> _Extracted entries_:
|---|

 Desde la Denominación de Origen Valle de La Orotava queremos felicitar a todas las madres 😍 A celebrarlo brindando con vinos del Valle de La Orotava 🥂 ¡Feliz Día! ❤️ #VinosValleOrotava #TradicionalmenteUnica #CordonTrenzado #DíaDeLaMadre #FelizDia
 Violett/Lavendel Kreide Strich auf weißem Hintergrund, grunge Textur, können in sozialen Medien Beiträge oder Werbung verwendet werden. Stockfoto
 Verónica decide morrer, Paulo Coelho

|---|

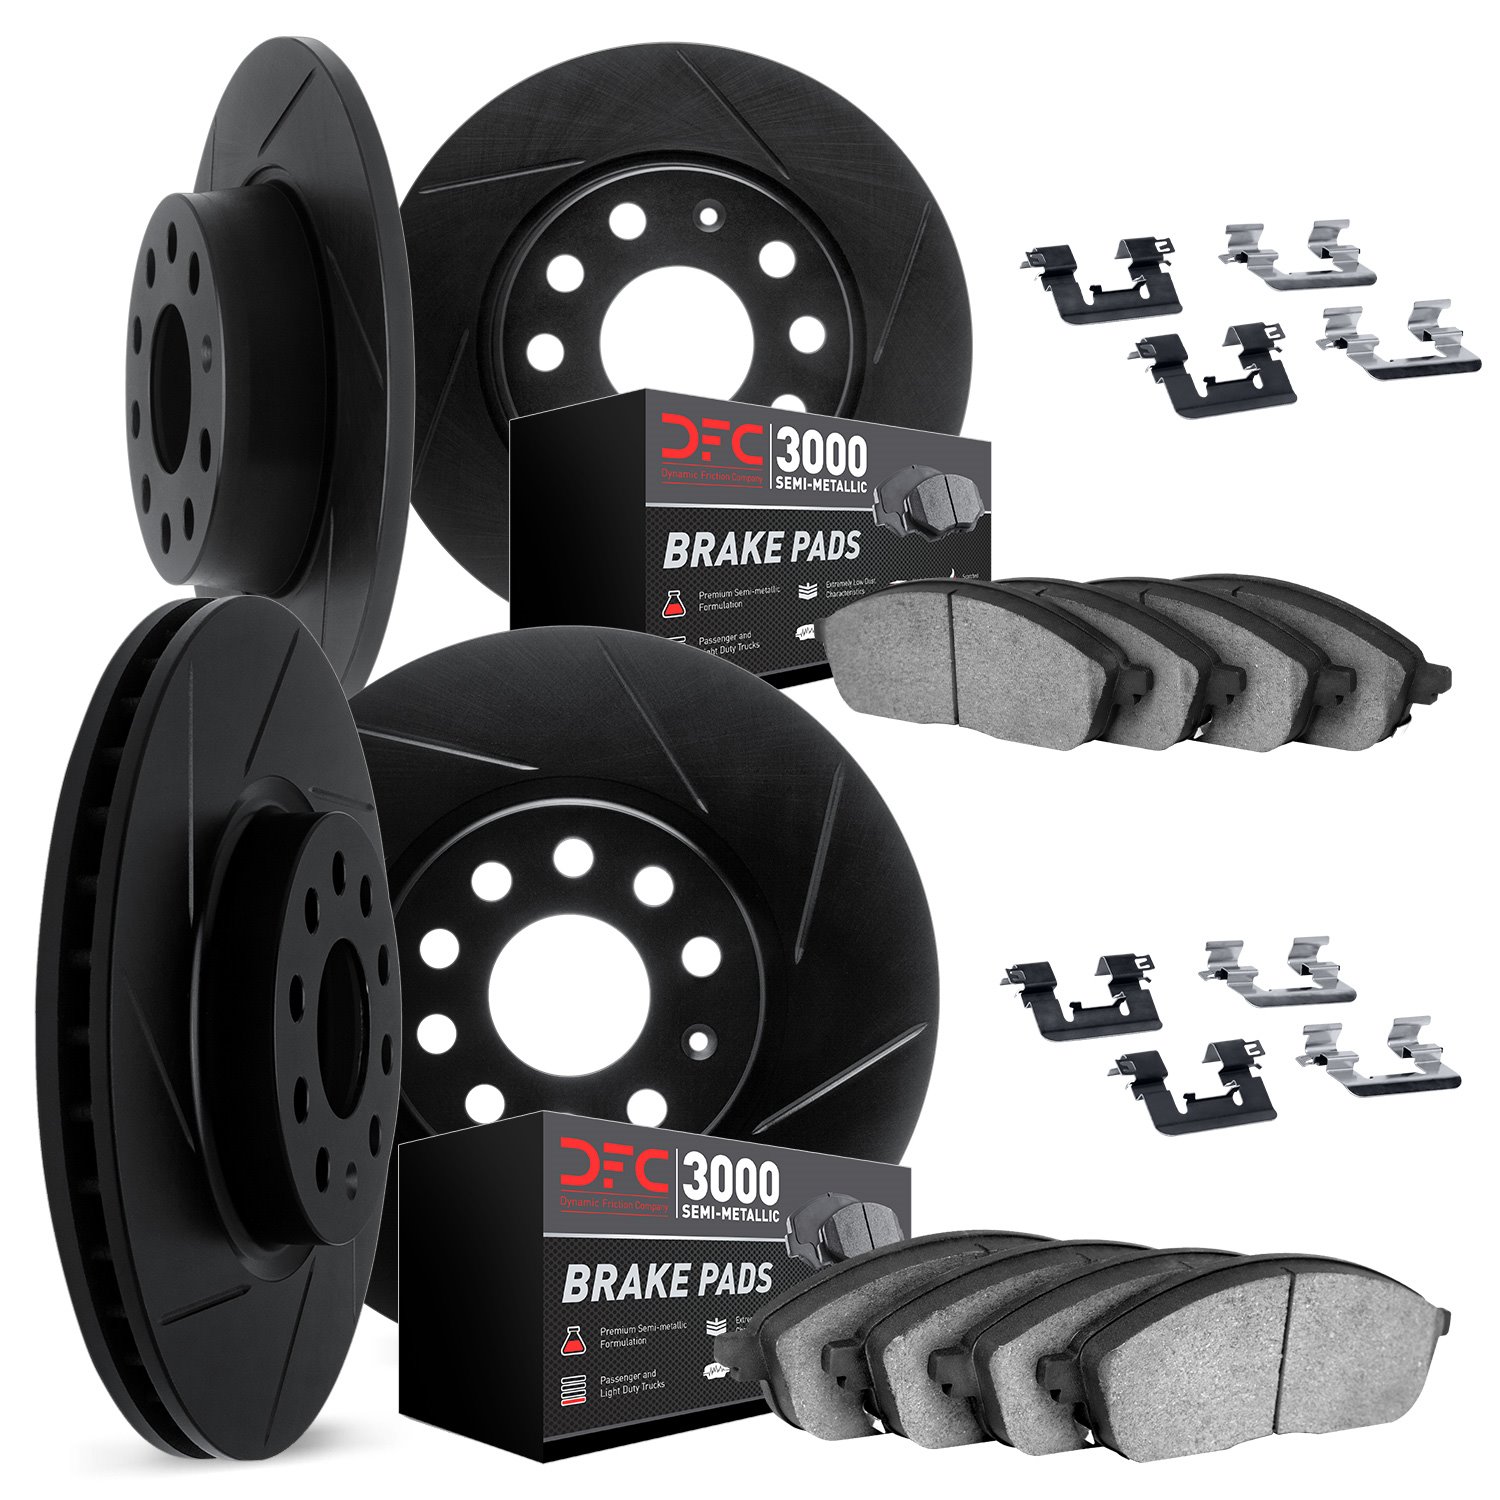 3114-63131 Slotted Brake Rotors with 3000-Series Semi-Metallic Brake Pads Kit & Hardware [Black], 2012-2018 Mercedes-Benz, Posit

|---|

> _Your assignment_: Above are the records; from them, give again exactly the lines from the one containing "Violett/Lavendel Kreide Strich" to the one containing "Verónica decide morrer, Paulo Coelho", both lines included, and nothing more.

> _Answer to the problem_:
 Violett/Lavendel Kreide Strich auf weißem Hintergrund, grunge Textur, können in sozialen Medien Beiträge oder Werbung verwendet werden. Stockfoto
 Verónica decide morrer, Paulo Coelho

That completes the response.